--- START ---

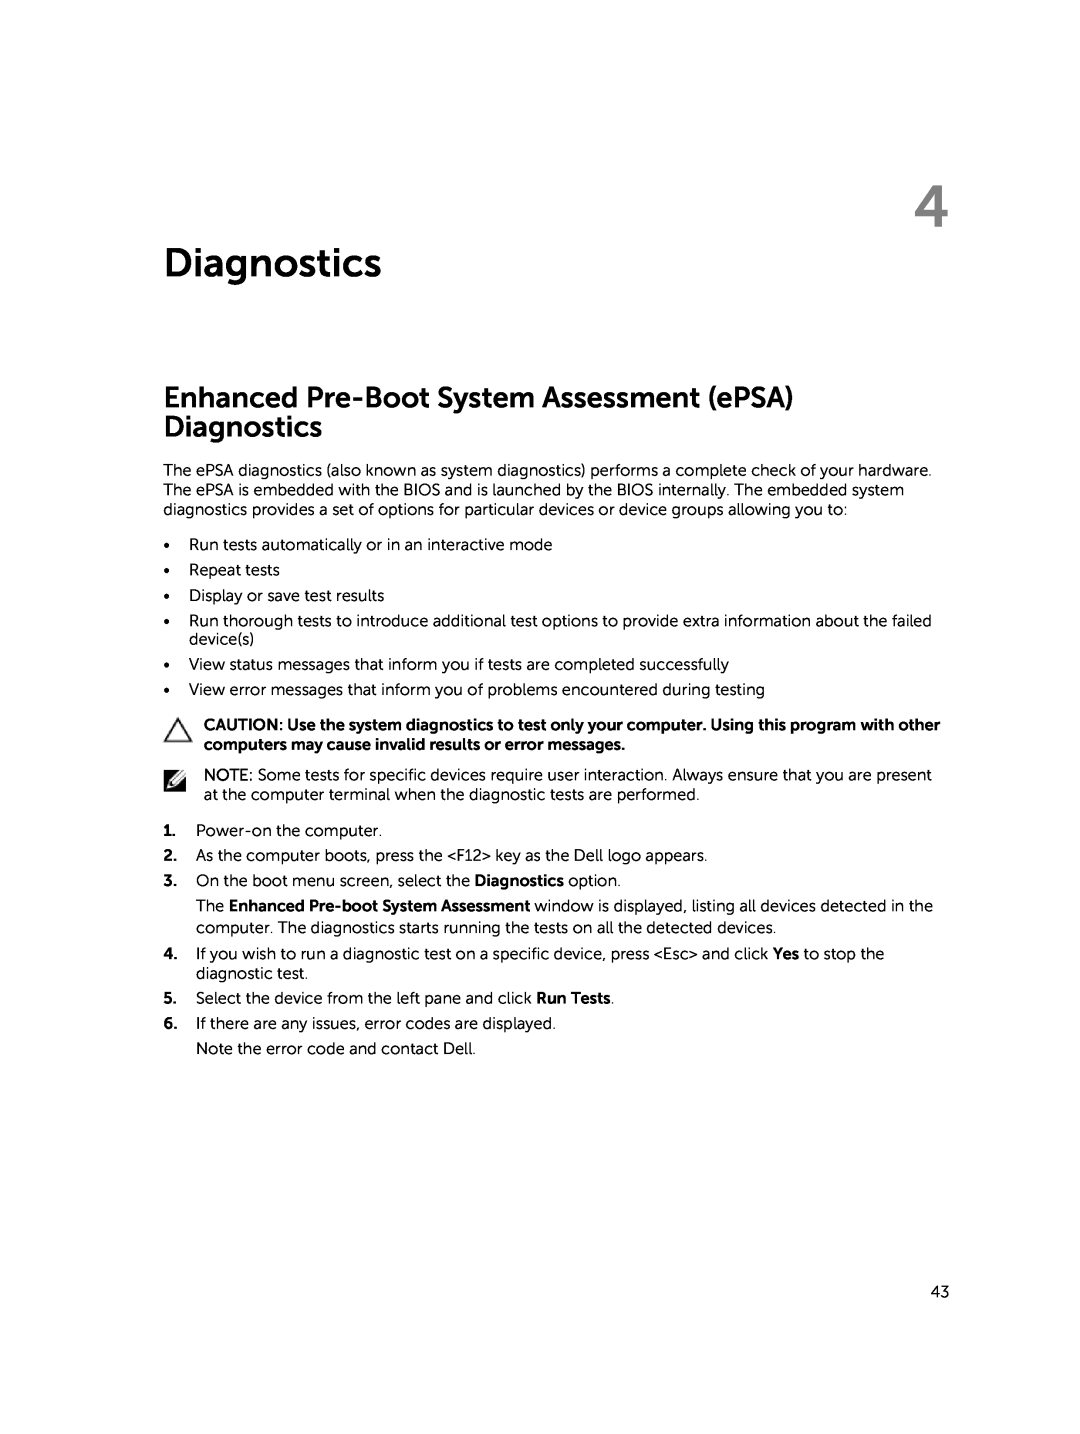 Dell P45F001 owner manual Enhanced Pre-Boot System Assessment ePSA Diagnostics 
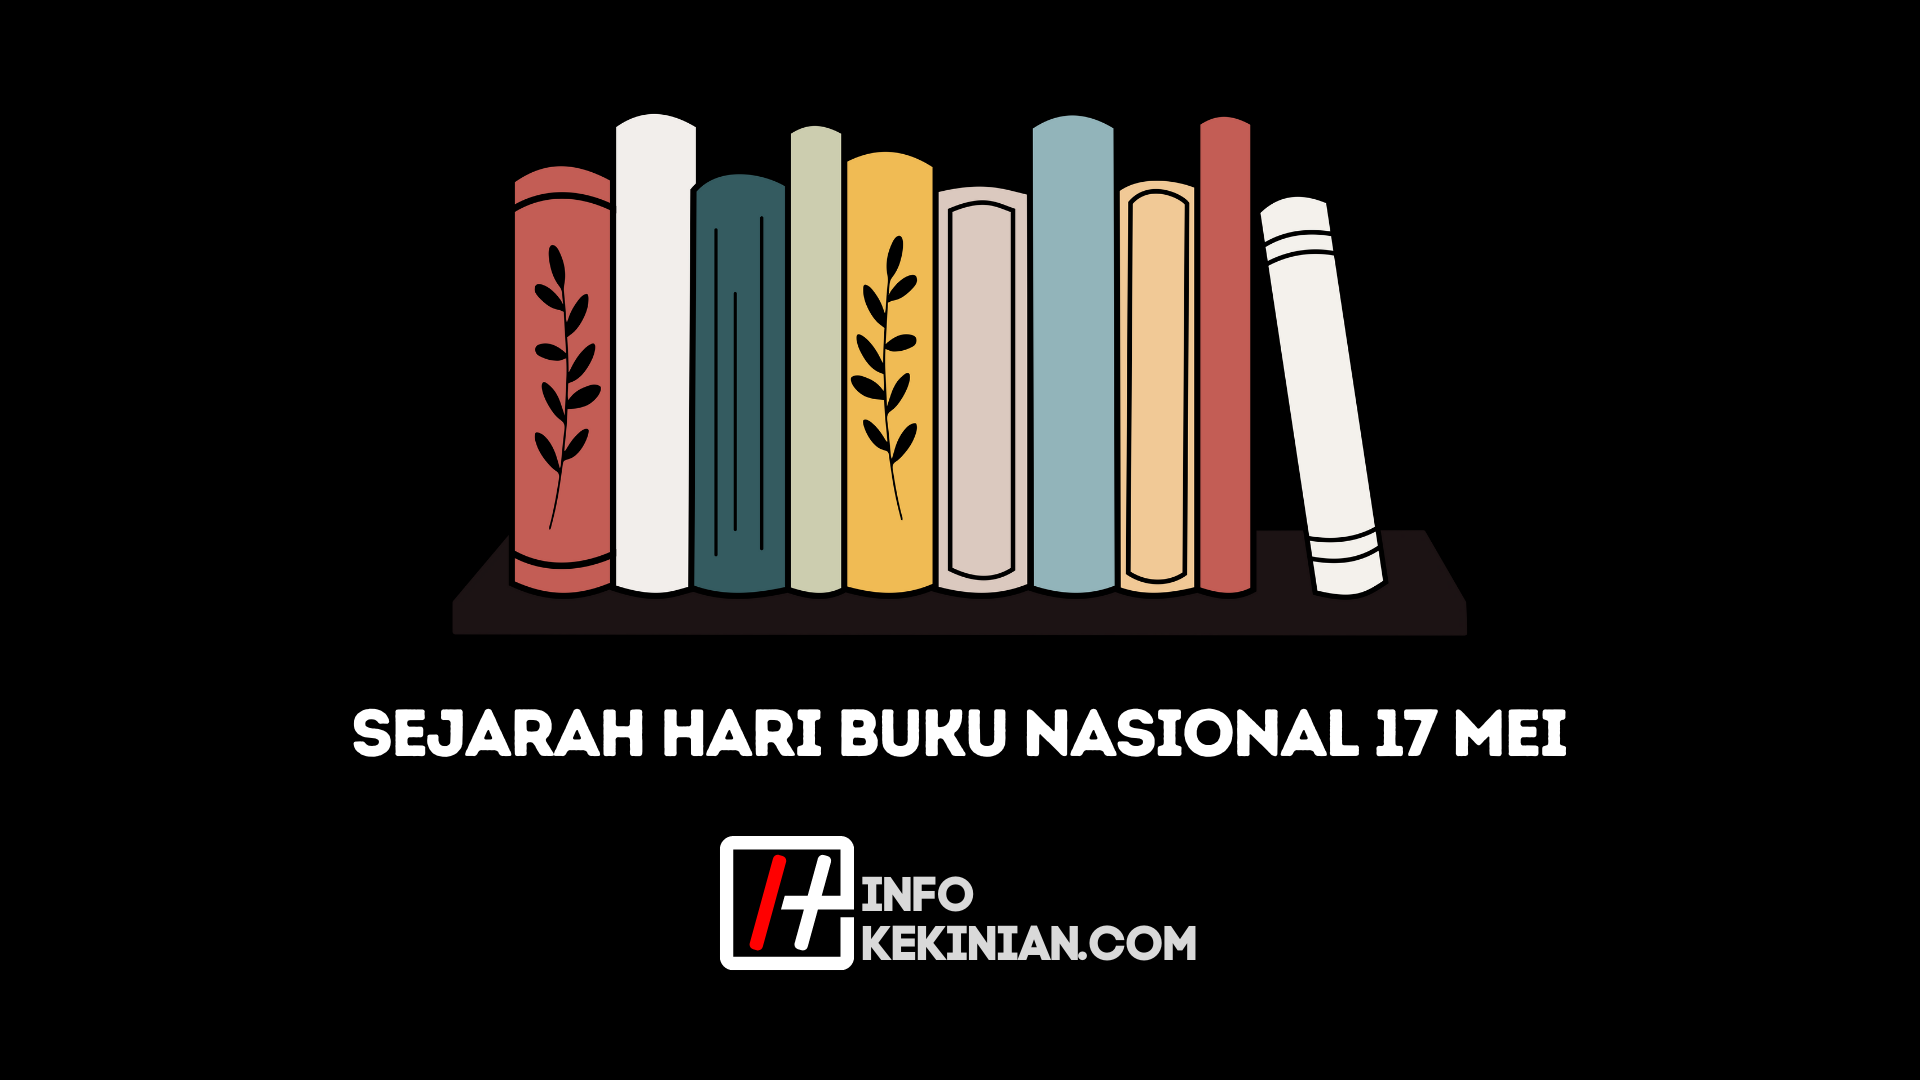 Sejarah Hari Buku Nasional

--- END ---
--- START ---

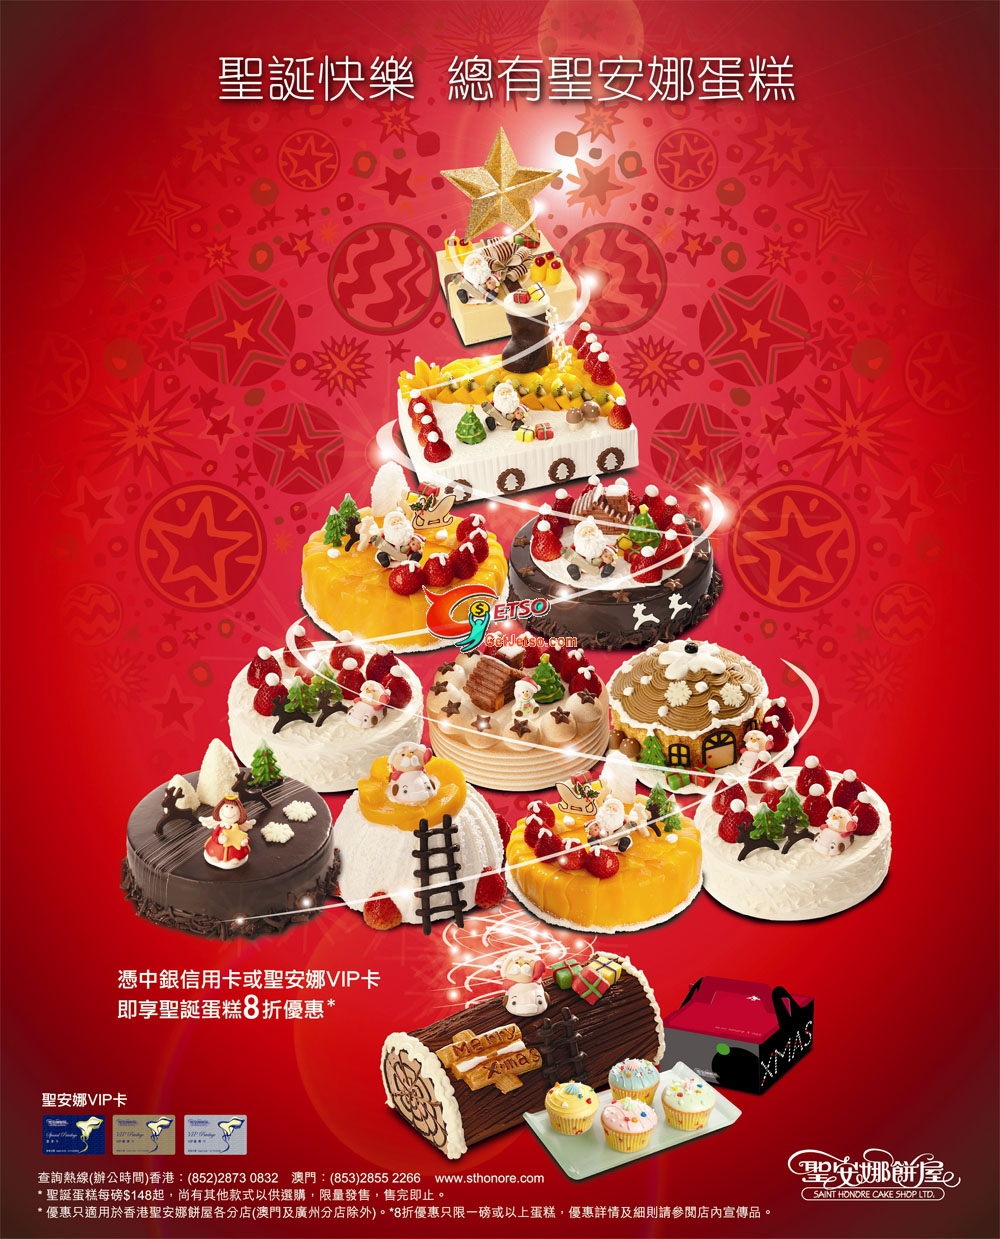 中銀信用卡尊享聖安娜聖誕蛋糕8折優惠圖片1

--- END ---

WORK REQUEST | The material above holds pictures; leave them out and set down exactly the lines from the line with "Dell P45F001 owner" to the line with "Sejarah Hari Buku Nasional", both included.

TASK RESULT |
 Dell P45F001 owner manual Enhanced Pre-Boot System Assessment ePSA Diagnostics 
 Sejarah Hari Buku Nasional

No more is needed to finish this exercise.